Historic house in Ohio, United States

The Oram Nincehelser House is a historic residence in the village of Mechanicsburg, Ohio, United States. Built for a nineteenth-century local doctor, it has been named a historic site because of its distinctive architecture.

==Oram Nincehelser==
Born in Pennsylvania, John Nincehelser married the former Hannah Longabough, and after moving from state to state for a number of years, the Nincehelsers settled in Wayne Township in Champaign County, Ohio, near the community of Cable. Four children were born to their union, of which the youngest who survived to adulthood was their son Oram A. Nicehelser. The family were members of the Methodist Episcopal Church. In adulthood, Oram became a physician, opening a practice in 1887 and continuing for more than thirty years; during his first six years, he engaged in partnership with a neighbor, Dr. J.H. Clark, but they later operated separate practices. Nincehelser was active in the local Masonic organizations; he was an officer for one of Mechanicsburg's two Masonic lodges, and he was a member of a Scottish Rite 32° club.

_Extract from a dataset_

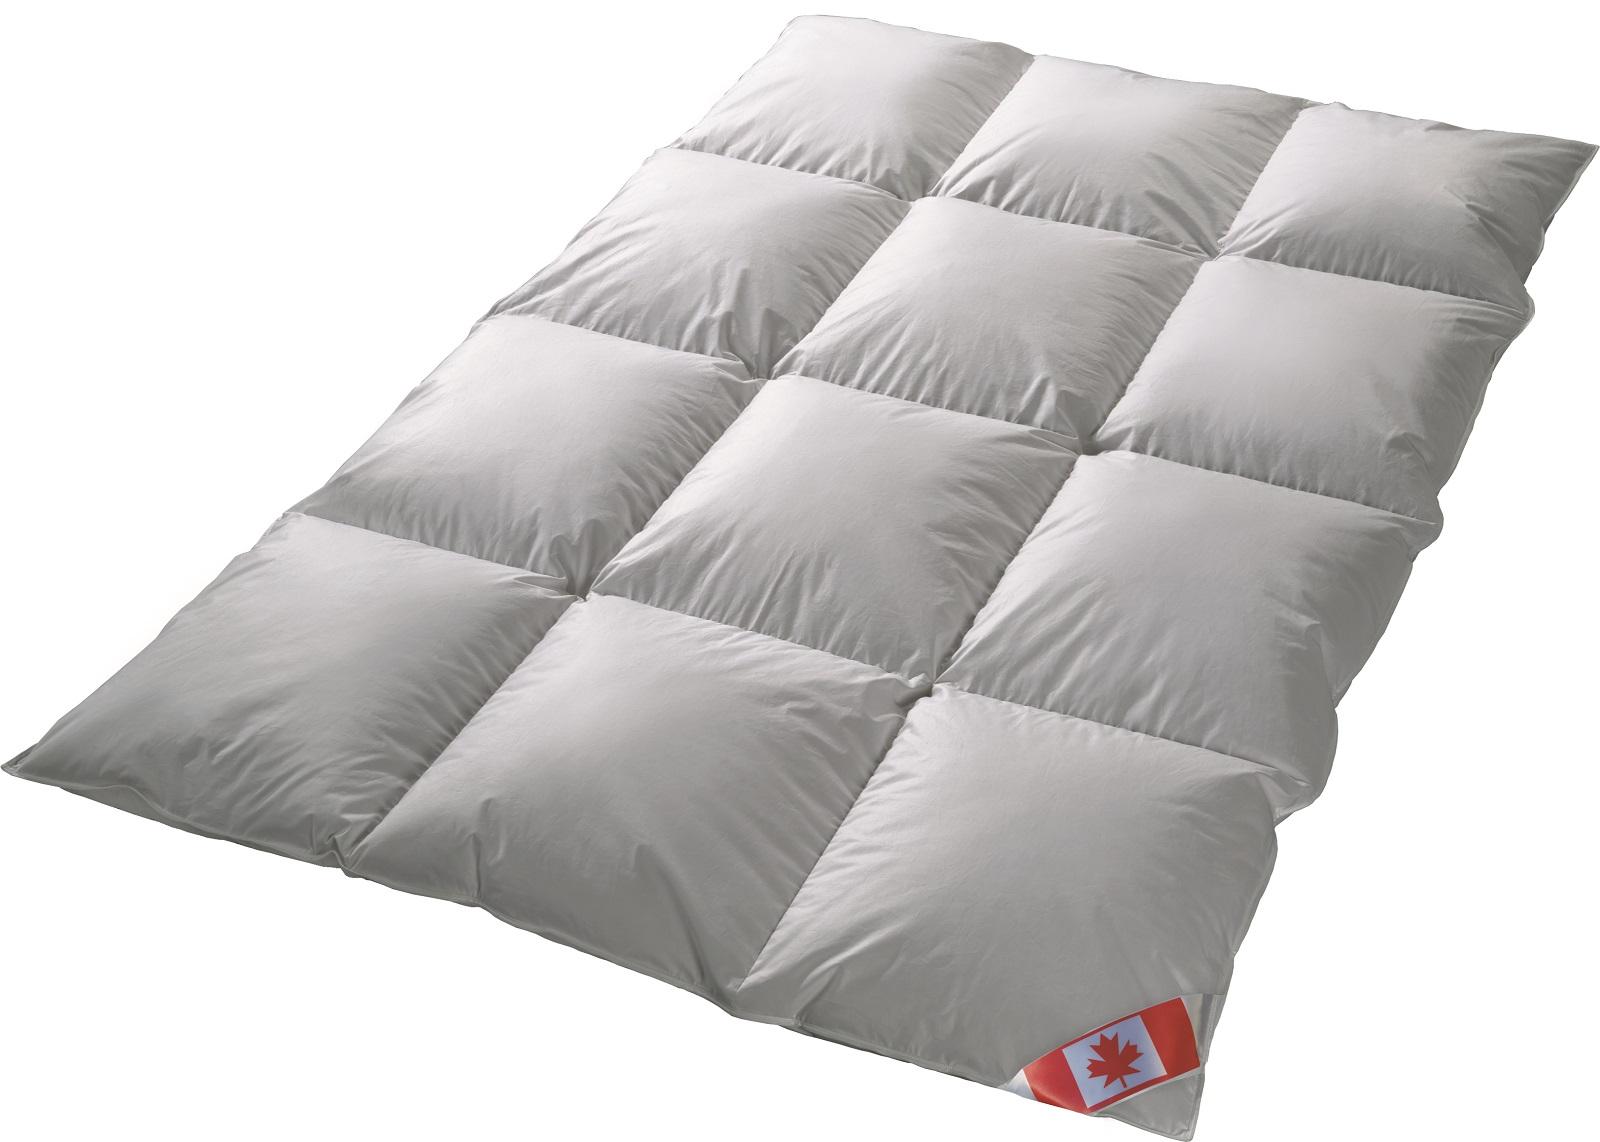 Canada Kassetten Daunendecke EXTRA warm Winter 100% Daune 135x200 cm R5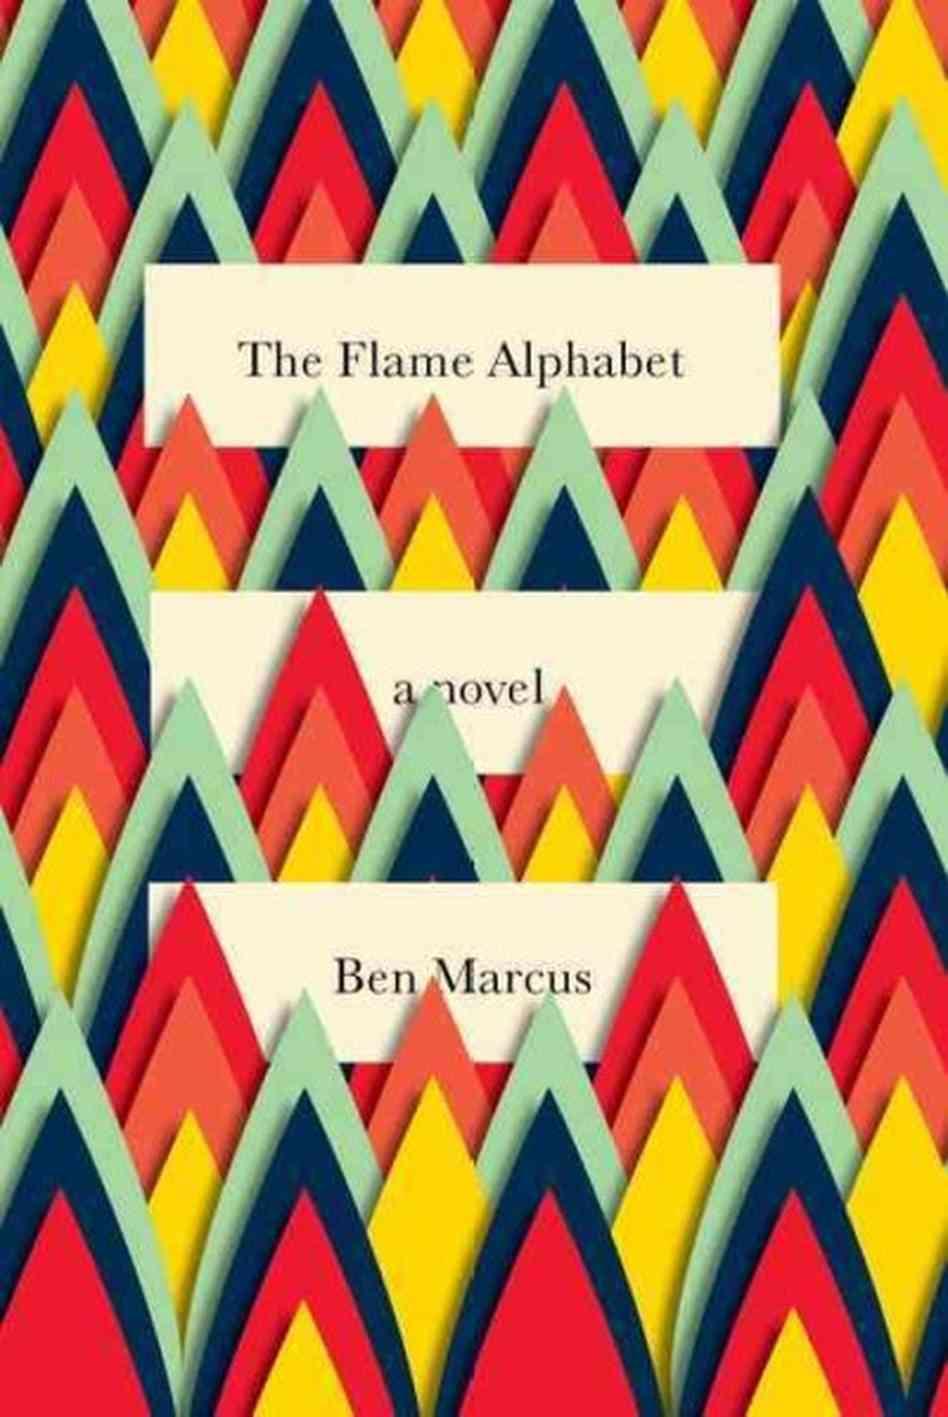 Ben Marcus: The Flame Alphabet

By the 1890s, Nincehelser's practice had made him a wealthy man; Mechanicsburg's growth was attracting many professionals, and he was one of at least three physicians active in the community. Accordingly, after marrying a woman from New York City, he arranged for the construction of a large Queen Anne-style house on Main Street just north of downtown Mechanicsburg. The magnificent new residence was built primarily to impress his new bride, but the couple did not live long in the house: Mrs. Nincehelser deserted her husband after just a few years of marriage. In later years, the original meeting hall of Mechanicsburg's Odd Fellows lodge burned, and Nincehelser sold his home to them in 1931; he had lived alone in the house since his wife left him.

==Architecture==
The Nincehelser House is a large residence built primarily in the Queen Anne style, but it includes other stylistic elements, such as a main entrance recessed from the facade, stained glass windows, and a Palladian window. Built of brick with assorted stone elements, the house rests on a stone foundation and is covered with a slate roof. Uniformity is absent from the design; the primarily hipped roof of the two-and-a-half-story residence comprises multiple components, the overall floor plan is asymmetrical, and the windows are of diverse shapes and sizes.

==Preservation==
In 1985, the Oram Nincehelser House was listed on the National Register of Historic Places, qualifying both because of its architecture and because of its place as the home of a prominent local citizen. It was one of numerous Mechanicsburg properties (largely houses) listed on the National Register at the same time as part of a multiple property submission; a historic district designation had been considered, but it was rejected because the historic properties were scattered among many more non-historic properties. Among the other newly designated properties were the John H. Clark House and the Demand-Gest House, homes of Nincehelser's medical colleagues located in the same block of North Main.